The following is the text of a talk given at a workshop organised by Professor Dr. Claudine Moulin and colleagues at the University of Trier Centre for Digital Humanities (the workshop was called Möglichkeiten der automatischen Manuskriptanalyse) on Feb 24th 2014. At the time, I was University of Wales Chair in Digital collections at The National Library of Wales (NLW), running a collaborative research programme on the digital collections of Wales. I was interested in questions of how cultural heritage organisations which hold cohesive national
digital collections, and collaborative frameworks to support interdisciplinary
and collaborative research, can create new opportunities to
build a digital workspace that can effect the sort of transformative research
that has been the promise of digital humanities for many years. In the talk, I looked at the history of 'copying' at NLW, and looked at how the digital dissemination of knowledge is part of a long tradition of copying and distributing manuscripts in Libraries. In the talk, I looked at the ways that some of NLW's most iconic material, including the Hengwrt Chaucer manuscripts, have been copied and disseminated over the past hundred years. As new methods of manuscript digitisation are developed (including RTI and hyperspectral imaging) are developed, I make the argument that we should be moving away from 'mass digitisation' towards 'slow digitisation': that we can learn more from looking at all the copied versions of a manuscript than a form of 'distant reading' of whole collections. Libraries should spend effort on bringing together all existing copies of a manuscript (rotograph, photostat, photograph) and bring them together with images gathered using new technologies, making the complete 'biography' of a manuscript available to scholars. I've also written about some of the preparatory work for this an article taken from a keynote I gave at the Sheffield HRI Digital Humanities Conference in 2012. As this talk was written to be read, it's a little rough in places but I do hope to continue this research now I am at Glasgow University and write this up as a fuller article in the near future. Some of these themes were also taken up at a workshop I organised with Andrew Prescott at NLW in 2015, and we hope to run a follow on event next year.

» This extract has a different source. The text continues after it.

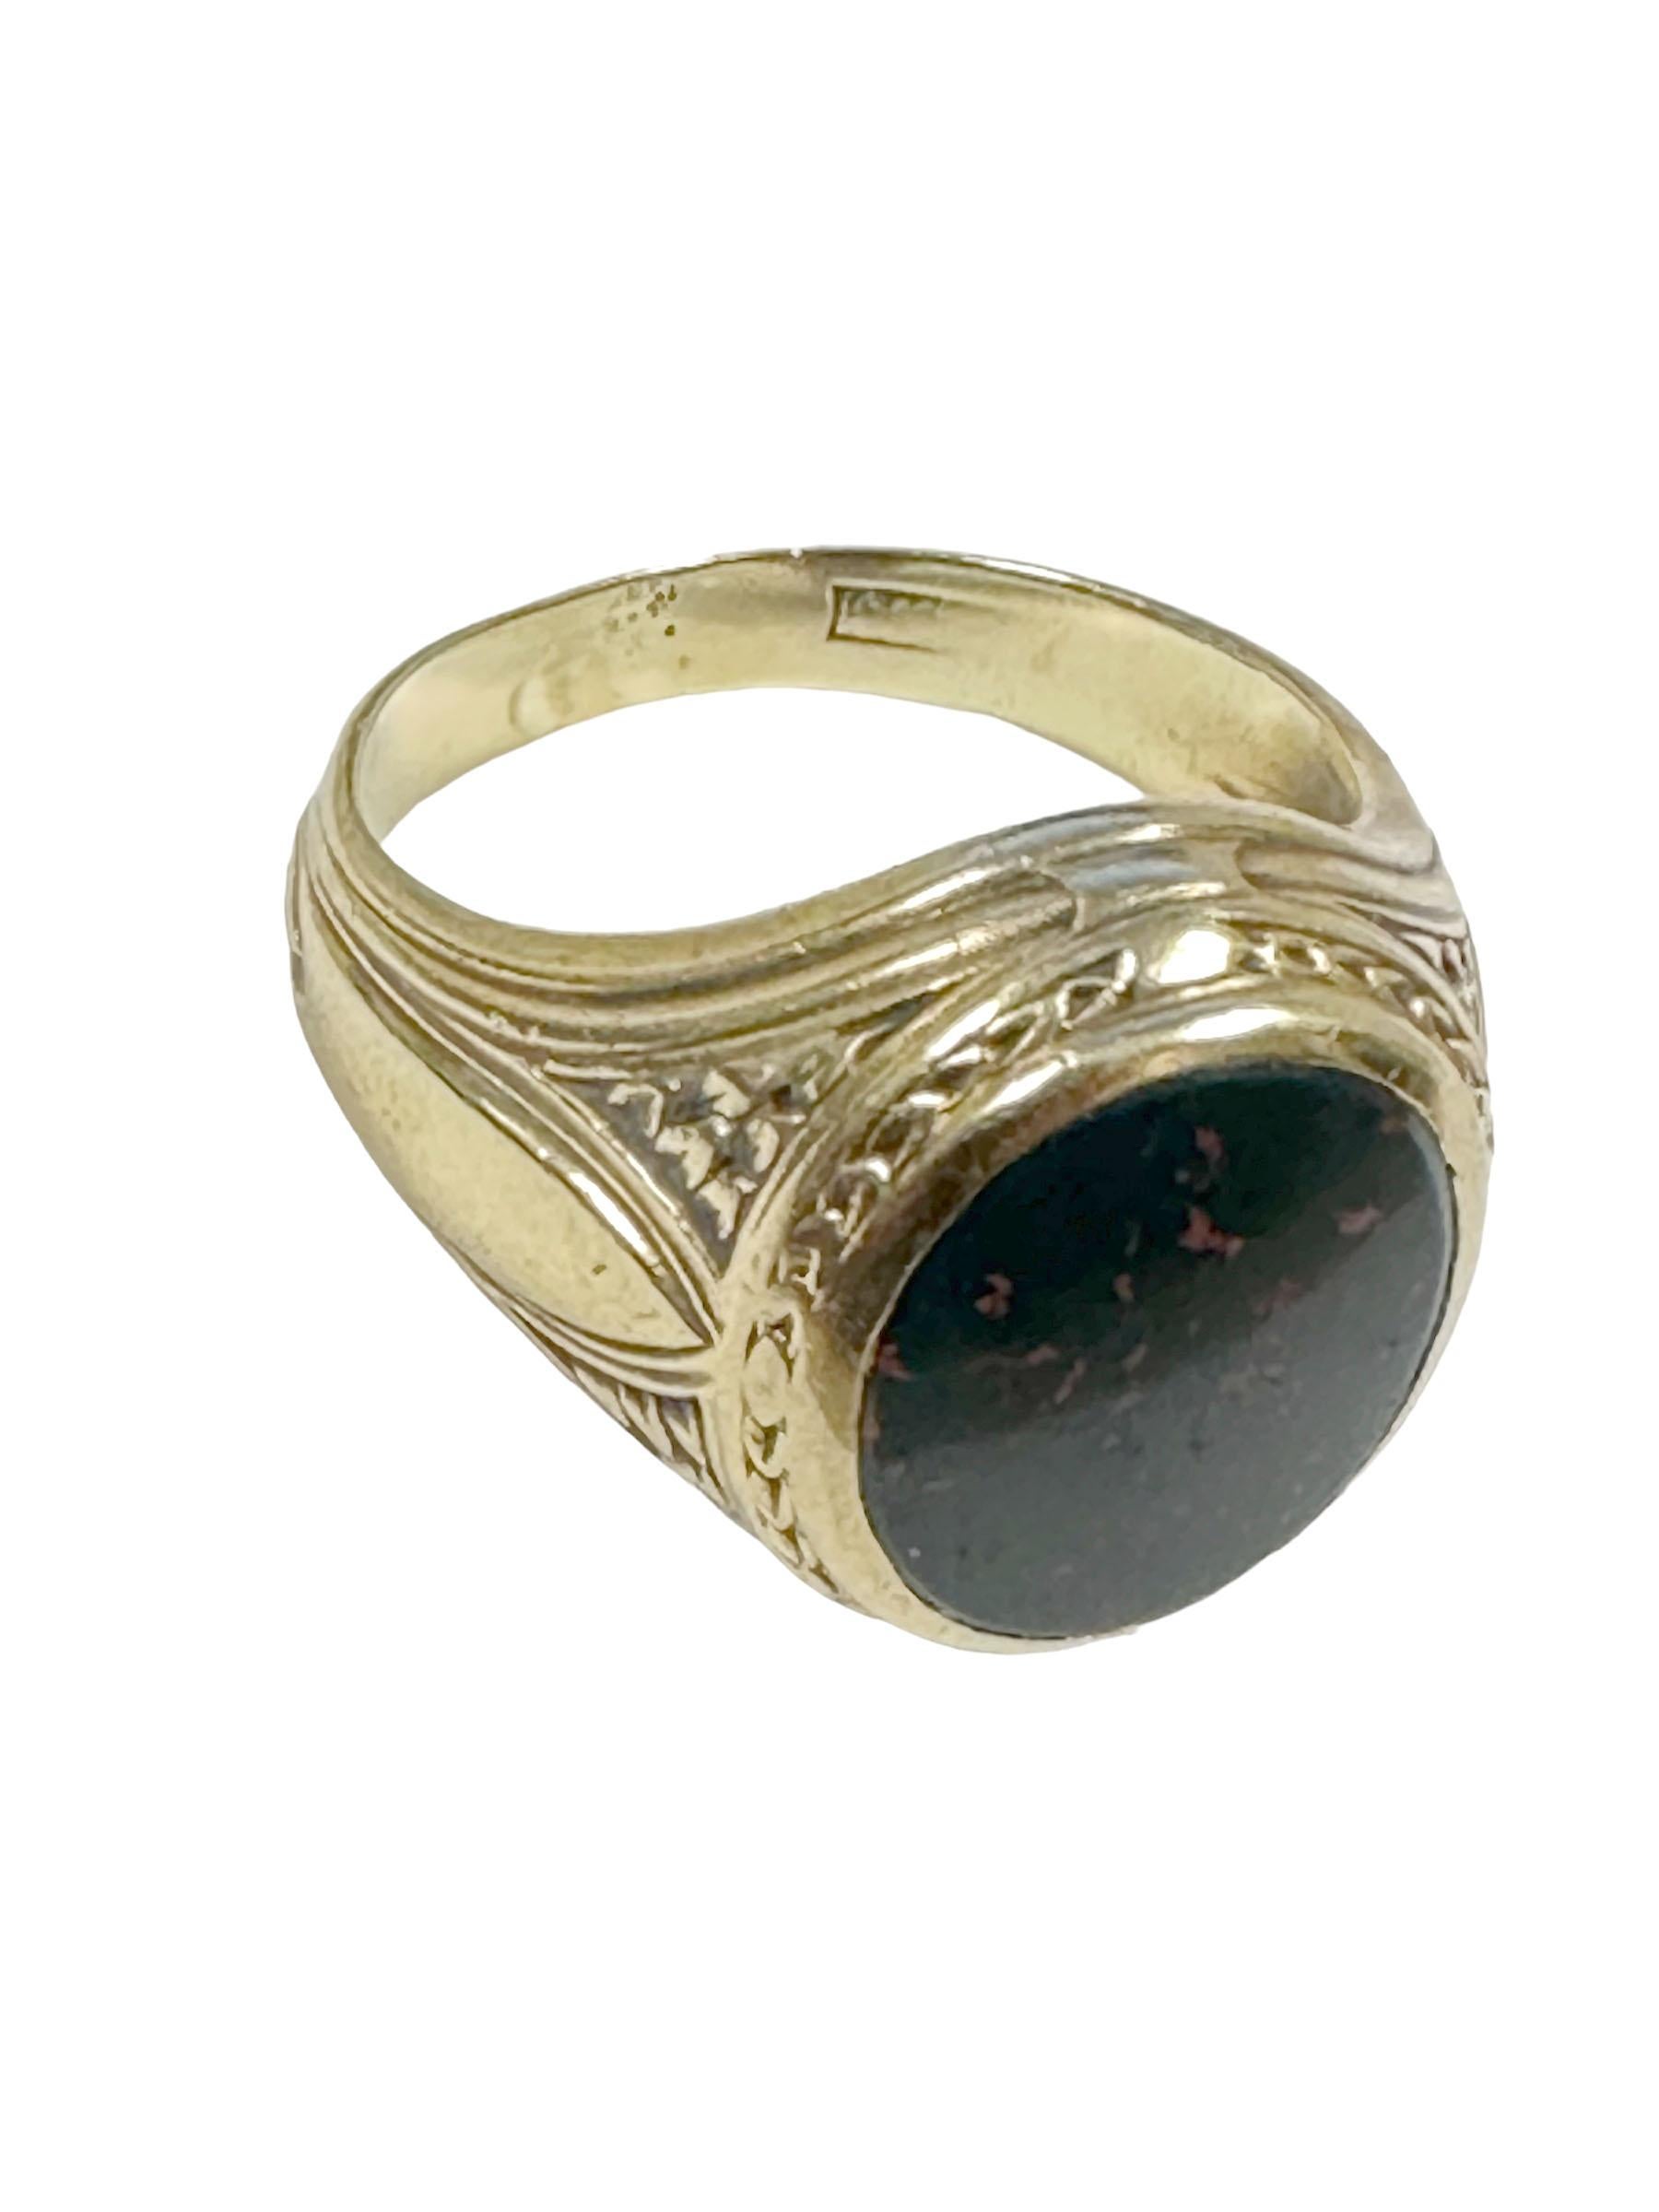 Men's Antique Gold and Blood stone Signet Ring

As ever, I am enormously grateful to my former colleagues at NLW for their help with developing this research.
As ever, I am enormously grateful to my former colleagues at NLW for their help with developing this research.
Digitization at the National Library
of Wales
The National Library of Wales is a legal deposit library, established by
Royal charter in 1907. It is the preeminent repository of information
for Wales, offering a world class collection of documentary heritage, including
numerous rare, valuable and significant works. The foundation collections of NLW are its manuscript collections: the Peniarth, Llanstephan and Cwrtmawr collections. The Peniarth
Collection is listed in UNESCO’s Memory of the World register.
The Library has always had an appreciation of the importance of
state-of-the-art technologies for access to its collections for education and
research, and infrastructures in Wales support connected communities linked to
library and archive resources: since devolution, the Welsh Government has made cooperation,
collaboration and digital delivery key areas of focus.
As a result, NLW created A National Digital Public Library of Wales: a distinct, unified national collection
that is freely available to users as the “research data” for all
disciplines. Most of our content is licensed through creative commons licenses
for free use and re-use. The Library has built internal expertise and capacity in the entire digital lifecycle: selection, conservation, capture, management and preservation. Copyright and other intellectual property rights are cleared as a managed part of digitisation process: where material is on deposit and/or the current rights holders are known, permission is requested, and where declined, materials are not used; when a current rights holder is unknown, reasonable efforts are made to identify and/or contact them. Digitised resources are licensed for re-use and re-purposing under an open license (ideally, BY-NC-SA: Creative Commons Attribution-Non Commercial-Sharealike license). A fundamental principle is that free access is key to realising the potential community, social, research and economic benefits of digitised resources.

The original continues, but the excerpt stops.